Infra Atlas logo

Infra Notes

Infra Atlas
VPN DNS BGP

Field notes on the systems that quietly run the internet.

Backups Don’t Fail During Writes: They Fail During Restores

The uncomfortable truth about disaster recovery, testing gaps, and why “we have backups” isn’t a recovery plan.

Jan 3, 2026 8 min read

Backups are one of the most comforting graphs in infrastructure: green checkmarks, steady schedules, storage growing right on plan. It’s easy to feel safe because the backup job is running.

The problem is that confidence is earned in the wrong place. Most backup systems are very good at writing data somewhere. The failure happens later — when you need to turn that data back into a working system, under pressure, in less time than you have.

The scenario: the comforting lie

You open your dashboard and see last night’s backup completed. The storage bucket has objects. The vendor says “99.999999999% durability.” The team says “we have backups.”

Then an incident hits: database corruption, region outage, accidental deletion, compromised credentials, ransomware. Suddenly the real question appears:

Can we restore, fast enough, into a clean environment, with the right permissions, and actually resume business?

That’s where most backup strategies quietly fall apart.

Why writes “almost never fail”

Backup writes are engineered to be easy:

  • They are repetitive and automatable.
  • They happen in stable, known environments.
  • They can retry without anyone noticing.
  • They can be “successful” even if the content is incomplete or inconsistent (because success is often defined as “uploaded a file,” not “captured a recoverable point-in-time state”).

Even when a write fails, it’s usually noisy in a benign way: the job errors, the alert fires, someone reruns it, and life moves on.

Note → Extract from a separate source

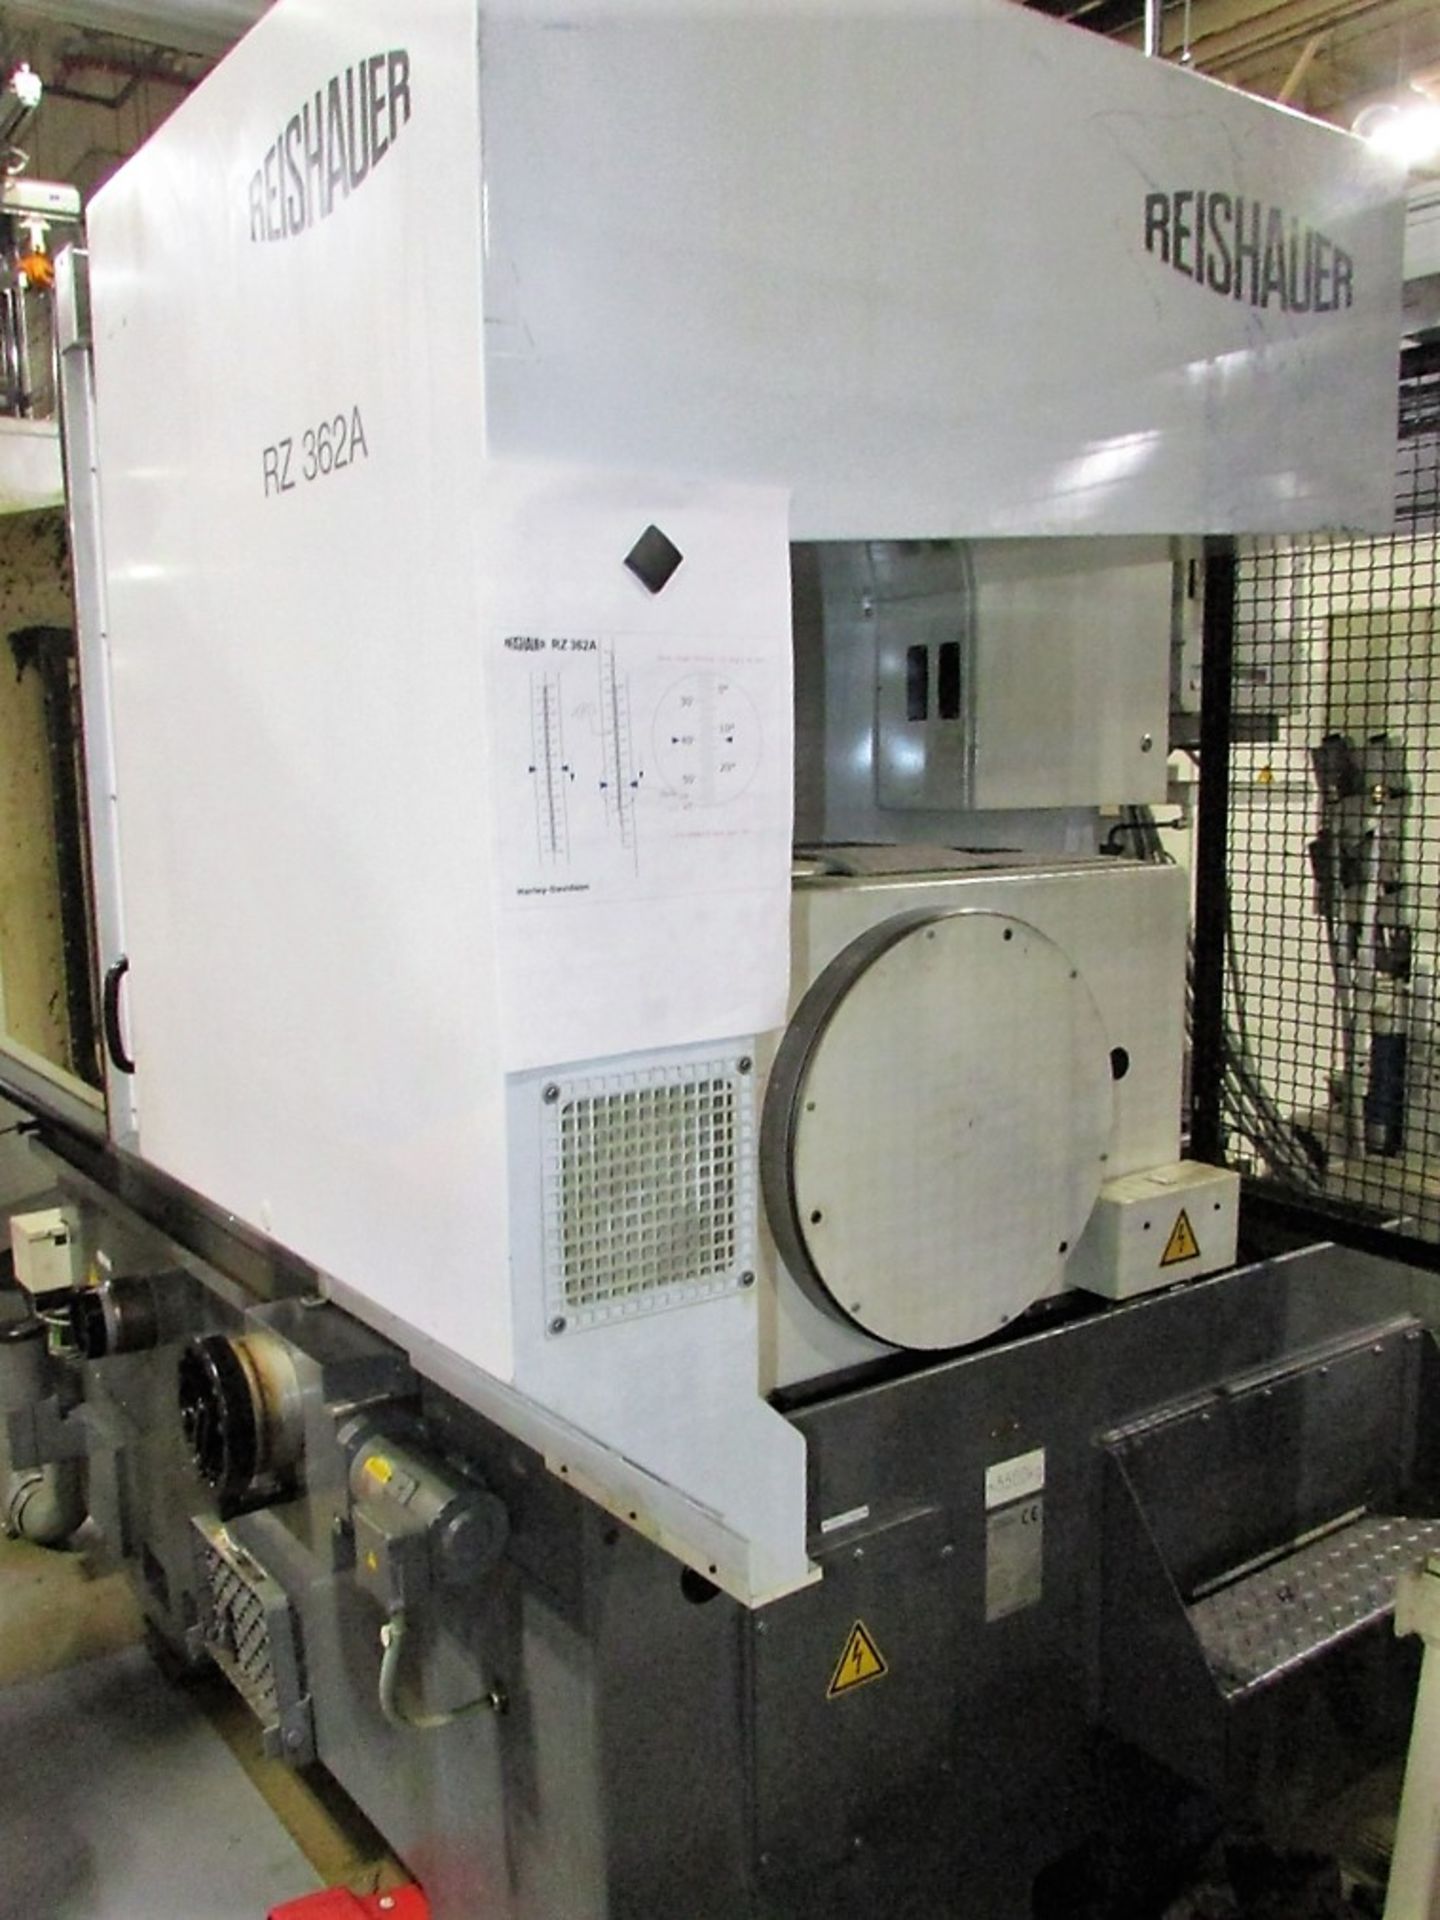 Reishauer RZ 362A CNC Gear Grinding Machine - Image 12 of 34

Restores aren’t like that.

The real restore failure modes

1) The backup exists, but the data is unusable

Common reasons:

  • You backed up the wrong thing (missing WAL/binlogs, missing encryption keys, missing config).
  • The snapshot is inconsistent (crash-consistent when you needed application-consistent).
  • The archive is corrupted, partially uploaded, or truncated.
  • You can’t decrypt it (lost KMS access, rotated keys, wrong key IDs, missing key material).
  • The restore process depends on proprietary metadata or tooling that no longer exists.

“Backup completed” doesn’t mean “restore works.”

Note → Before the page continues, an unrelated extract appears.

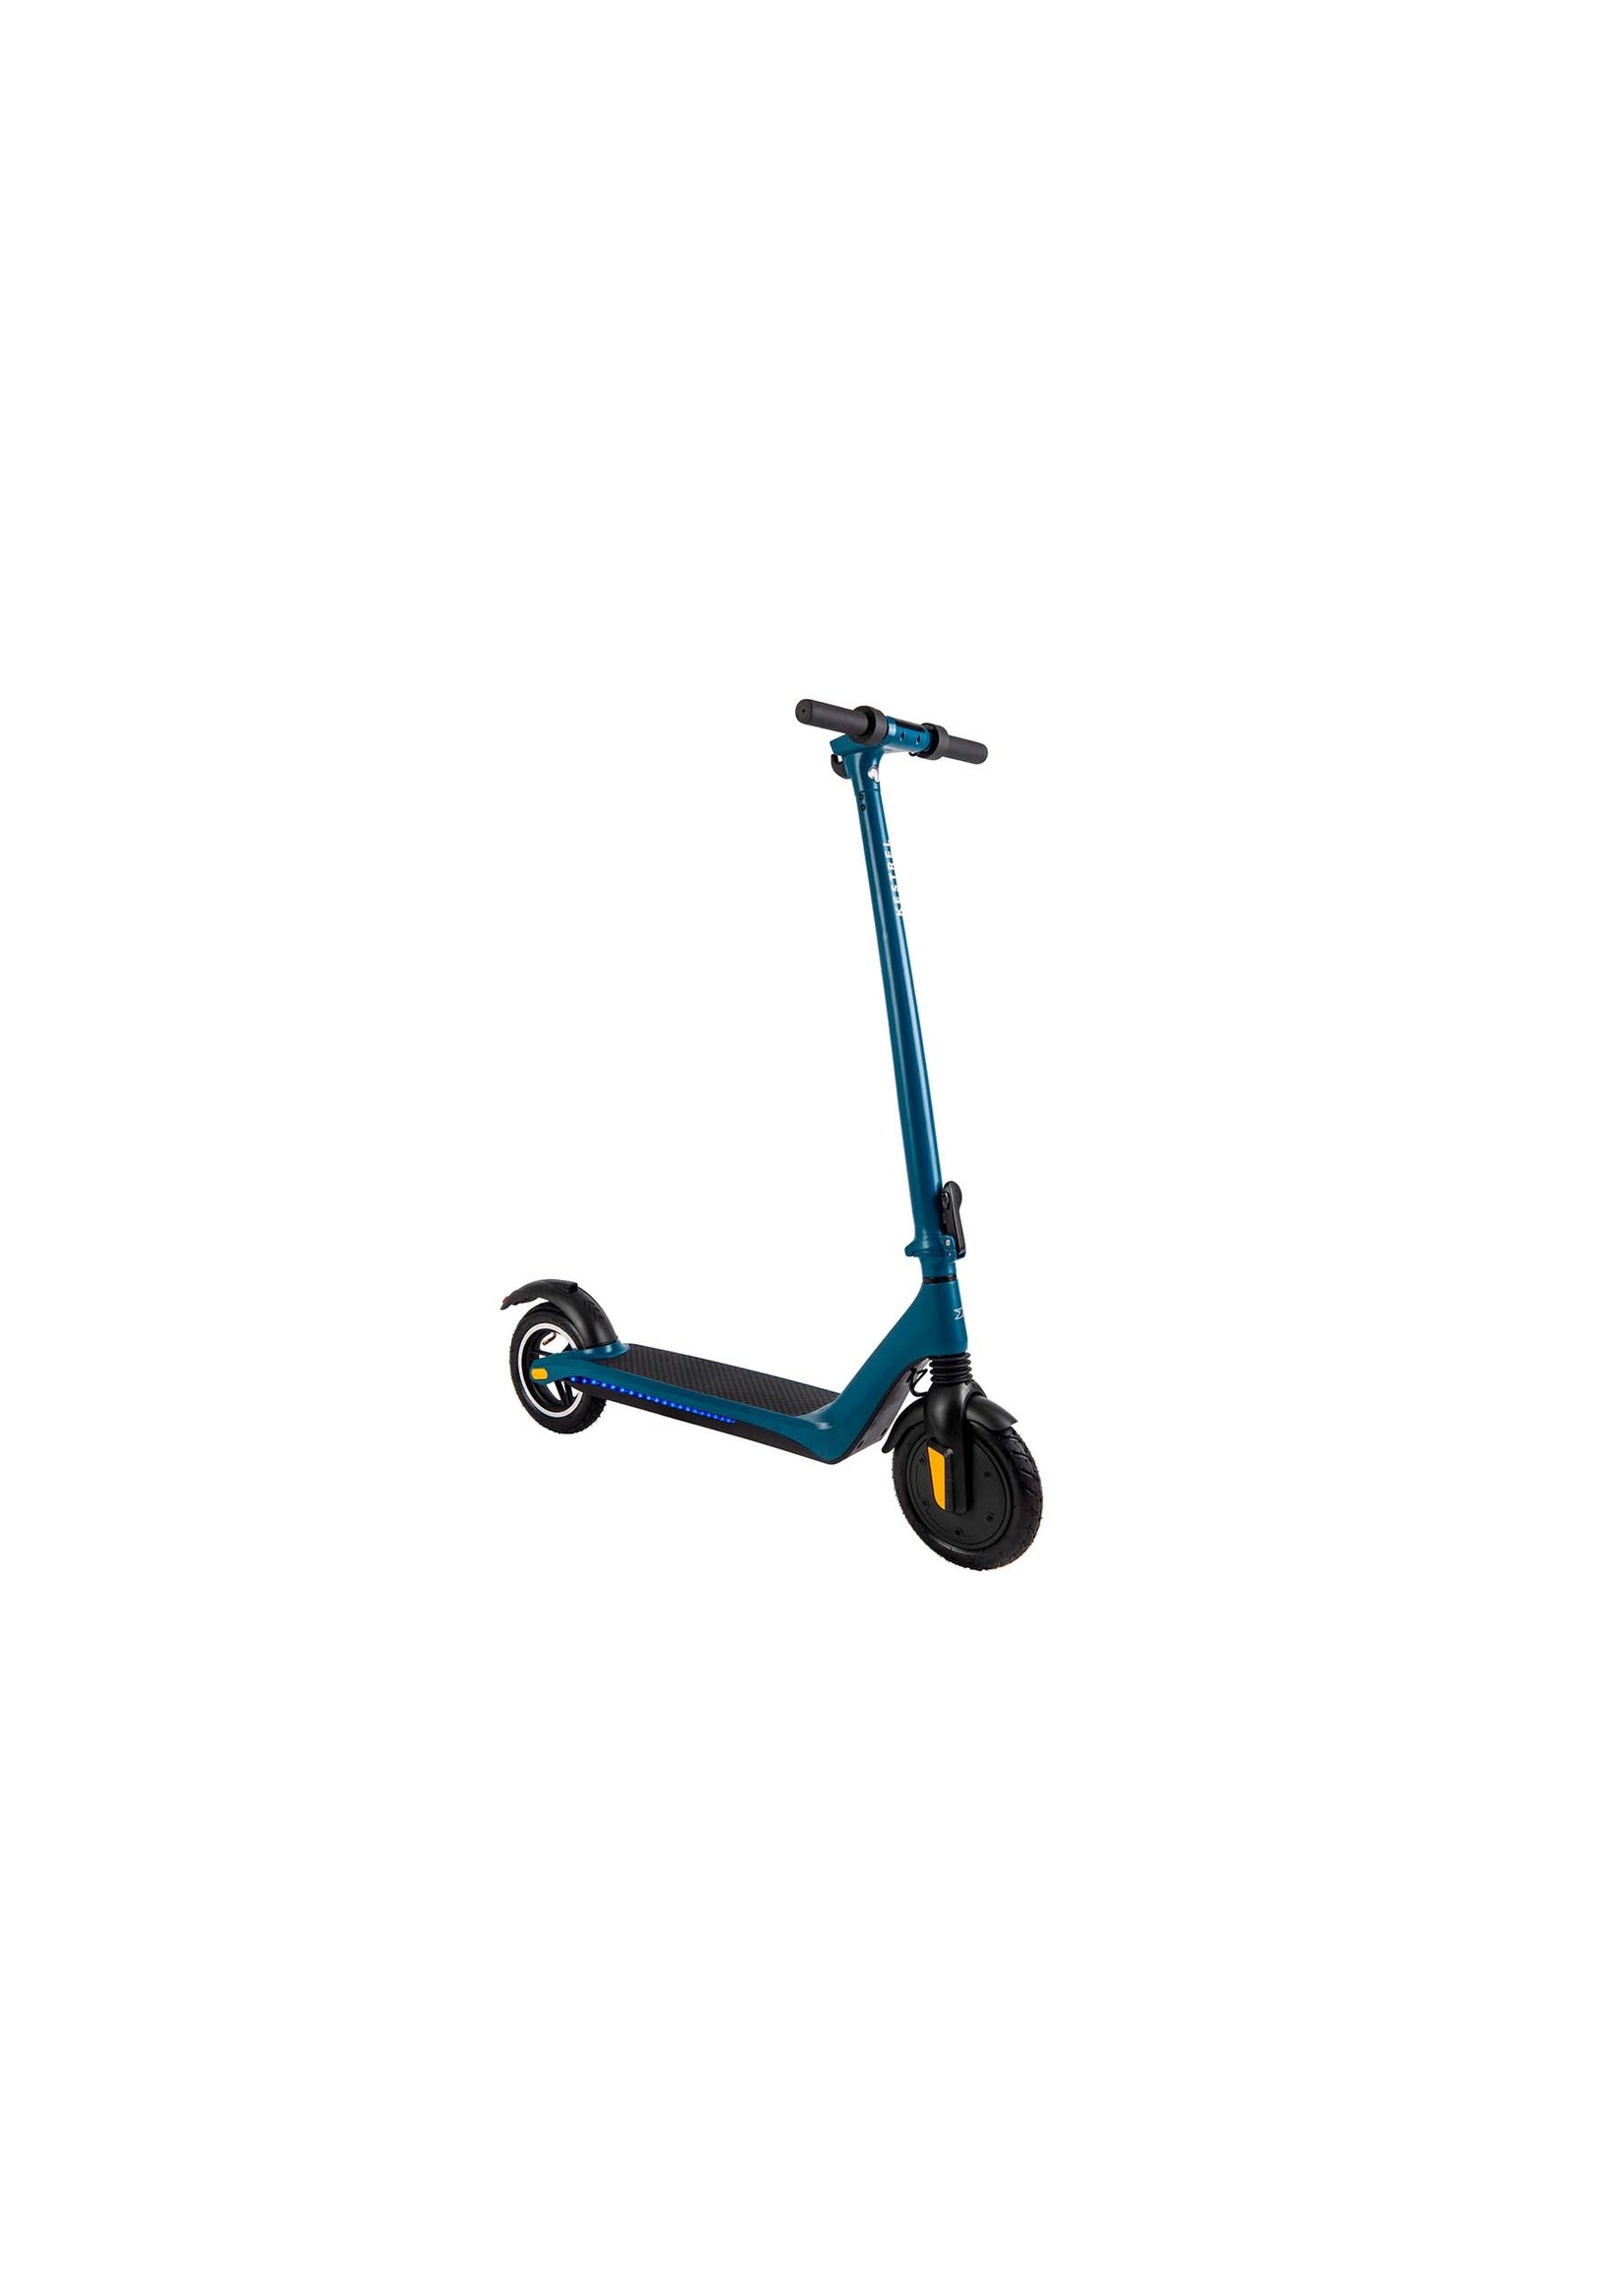 Kestrel Electric Scooter

2) Restore speed is too slow for reality

Your RTO is “hours.” Your restore throughput is “days.”

This happens when:

  • You never measured real end-to-end restore time.
  • Your storage tier is cold (retrieval delays, staged restore jobs).
  • Your egress path is bottlenecked (network, quotas, throttling).
  • Your restore requires rebuilding infrastructure first (clusters, IAM, VPC, DNS, secrets).

Most teams test “can we restore a file,” not “can we restore the business.”

And when this fails, who pays? Customers pay in downtime, the business pays in revenue and reputation, and operators pay with sleepless nights and postmortems that last longer than the outage.

3) Identity and access failures

In emergencies, access control becomes the primary system.

Failure modes include:

  • The backup account is locked, suspended, or requires MFA you can’t satisfy.
  • The IAM role that used to restore no longer exists.
  • The person who has access is on vacation or left the company.
  • Your KMS policy changed, your org SCP changed, or a conditional policy blocks the restore.
  • Cross-account restore paths are broken (trust policies, external IDs, missing grants).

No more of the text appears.